-- DATA BLOCK --
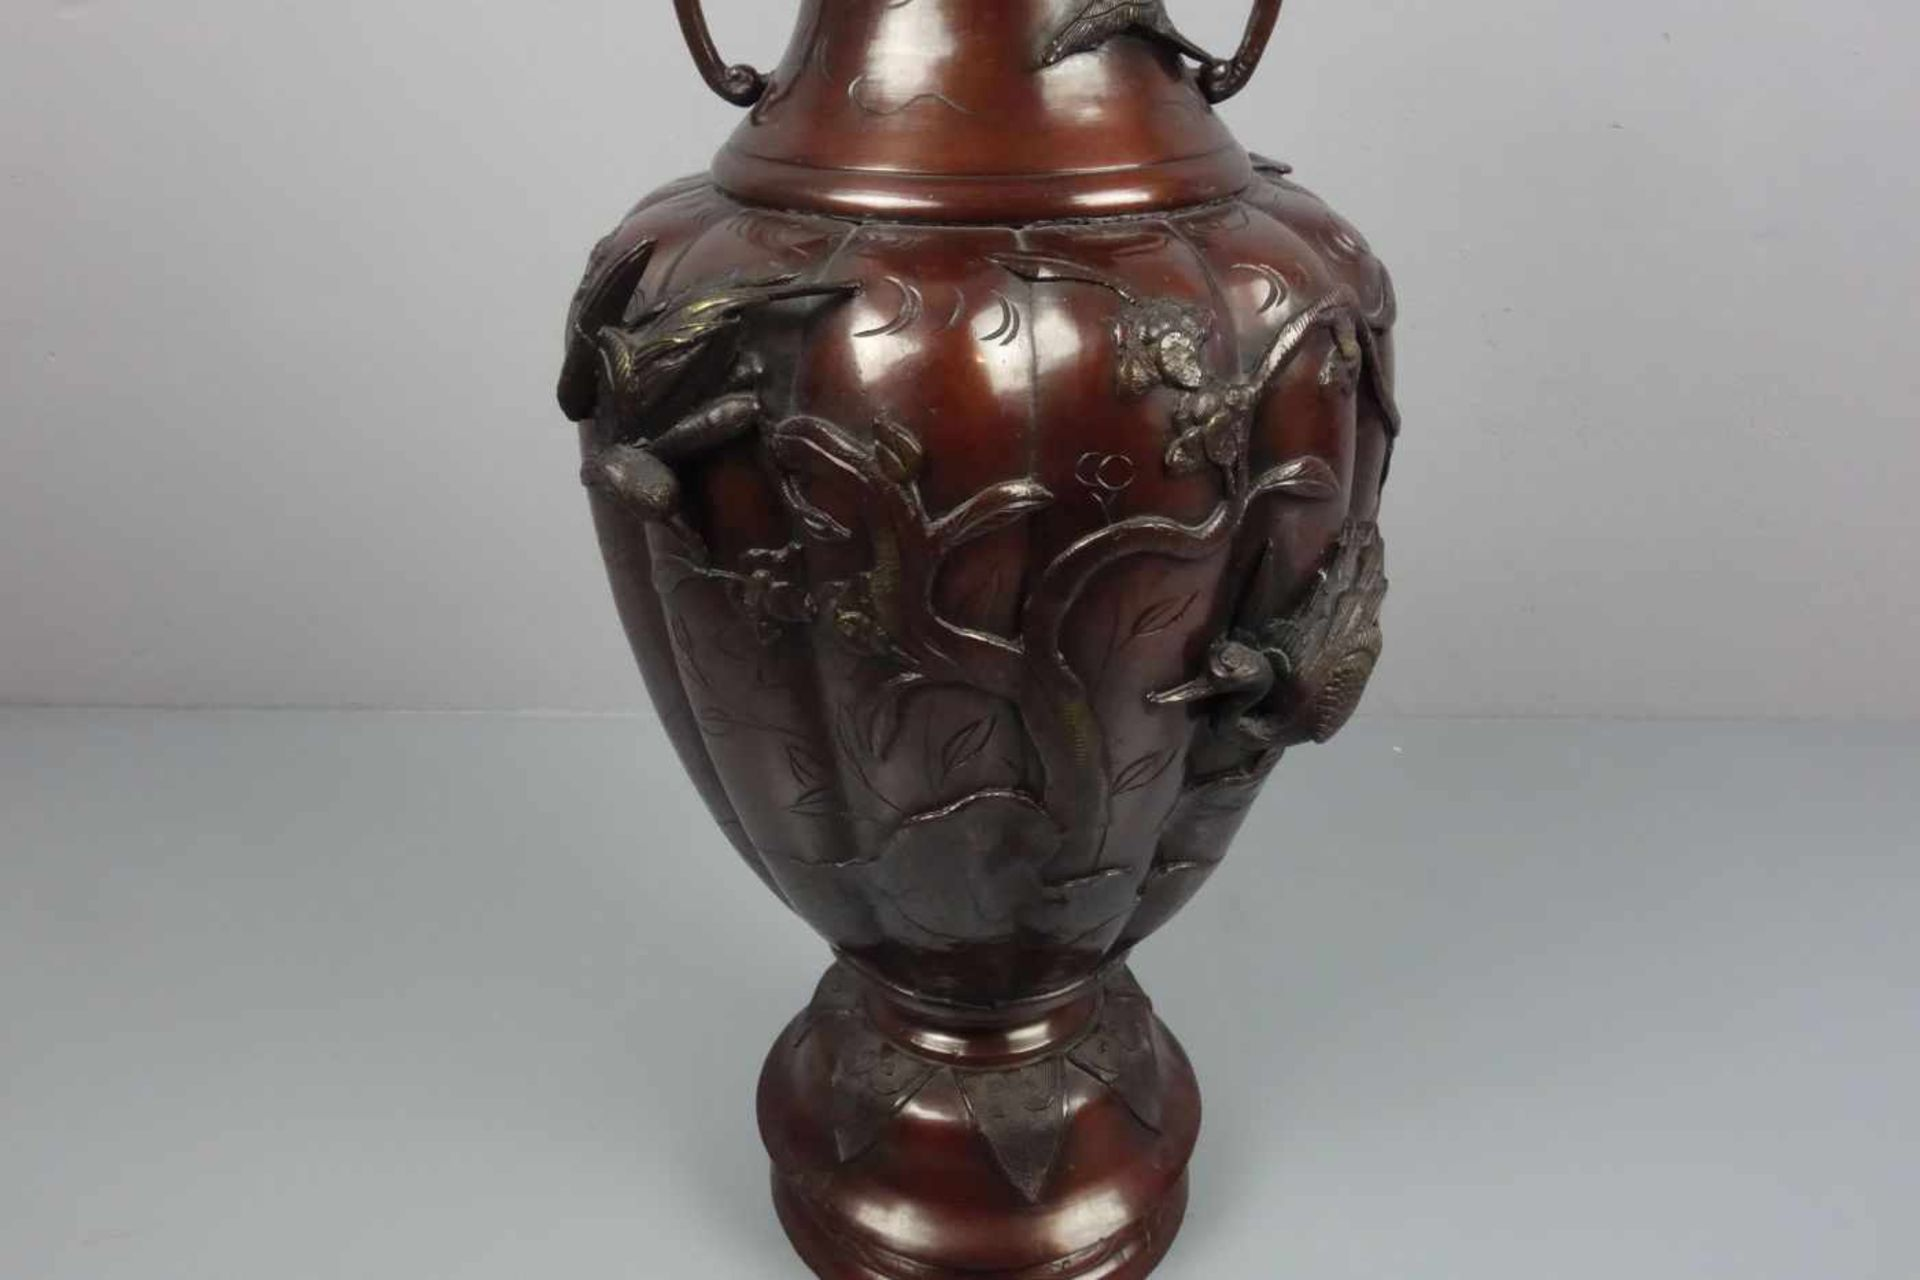 Los 174 - BODENVASE AUS METALL / chinese metal vase, China, 20. Jh., brüniertes Metall, unter dem Stand mit...
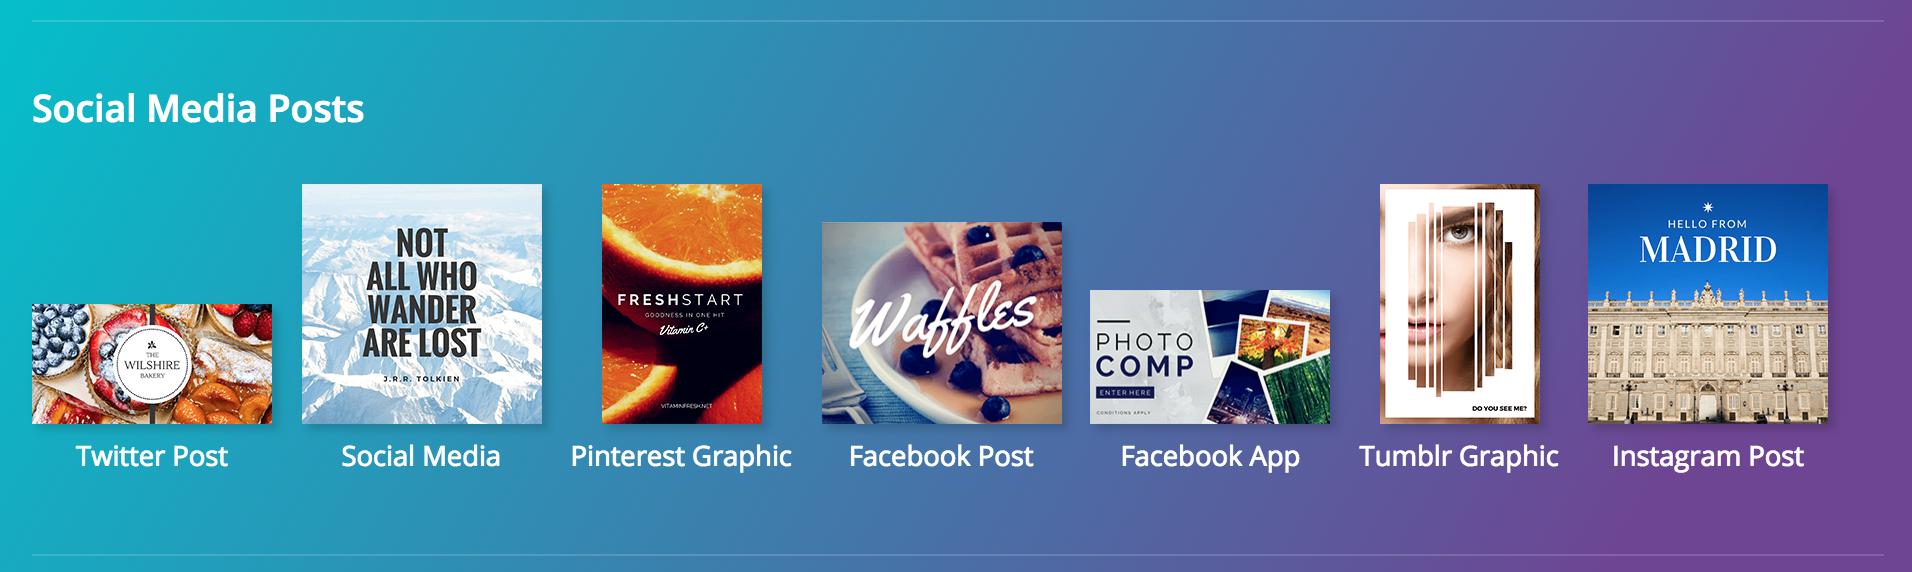 Canva Social Media Templates | YourWriterPlatform.com
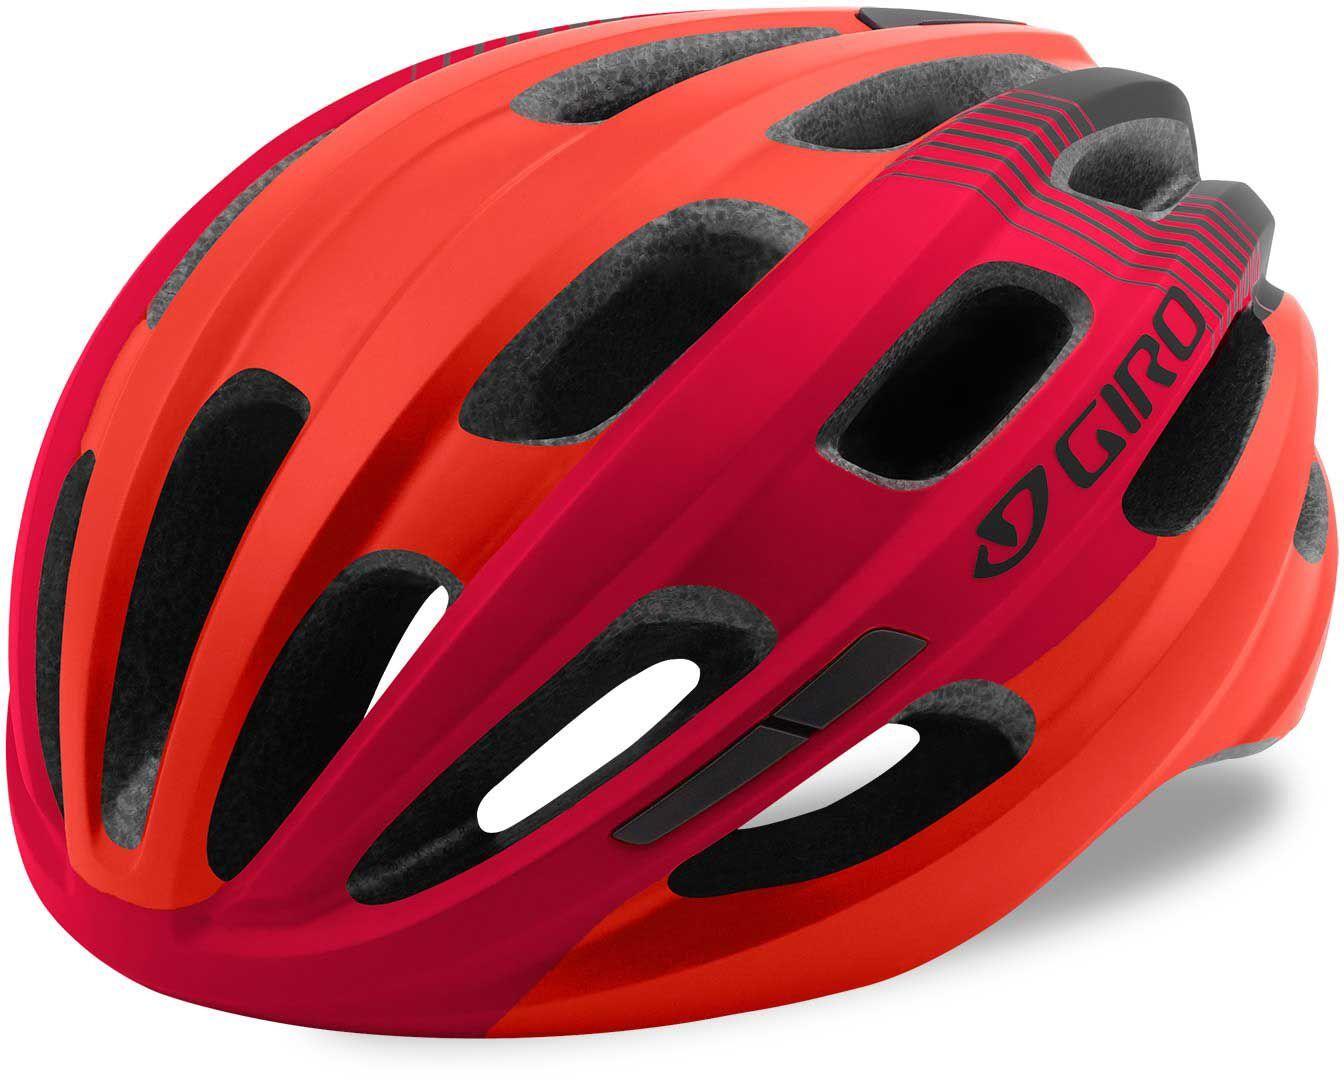 Giro Adult Isode MIPS Bike Helmet, Matte Red/Black

-- TASK DIRECTIONS --
A word-for-word restatement of all the lines above is needed, with the pictures omitted.

-- ANSWER FOR THIS EXERCISE --
 Los 174 - BODENVASE AUS METALL / chinese metal vase, China, 20. Jh., brüniertes Metall, unter dem Stand mit...
 Canva Social Media Templates | YourWriterPlatform.com
 Giro Adult Isode MIPS Bike Helmet, Matte Red/Black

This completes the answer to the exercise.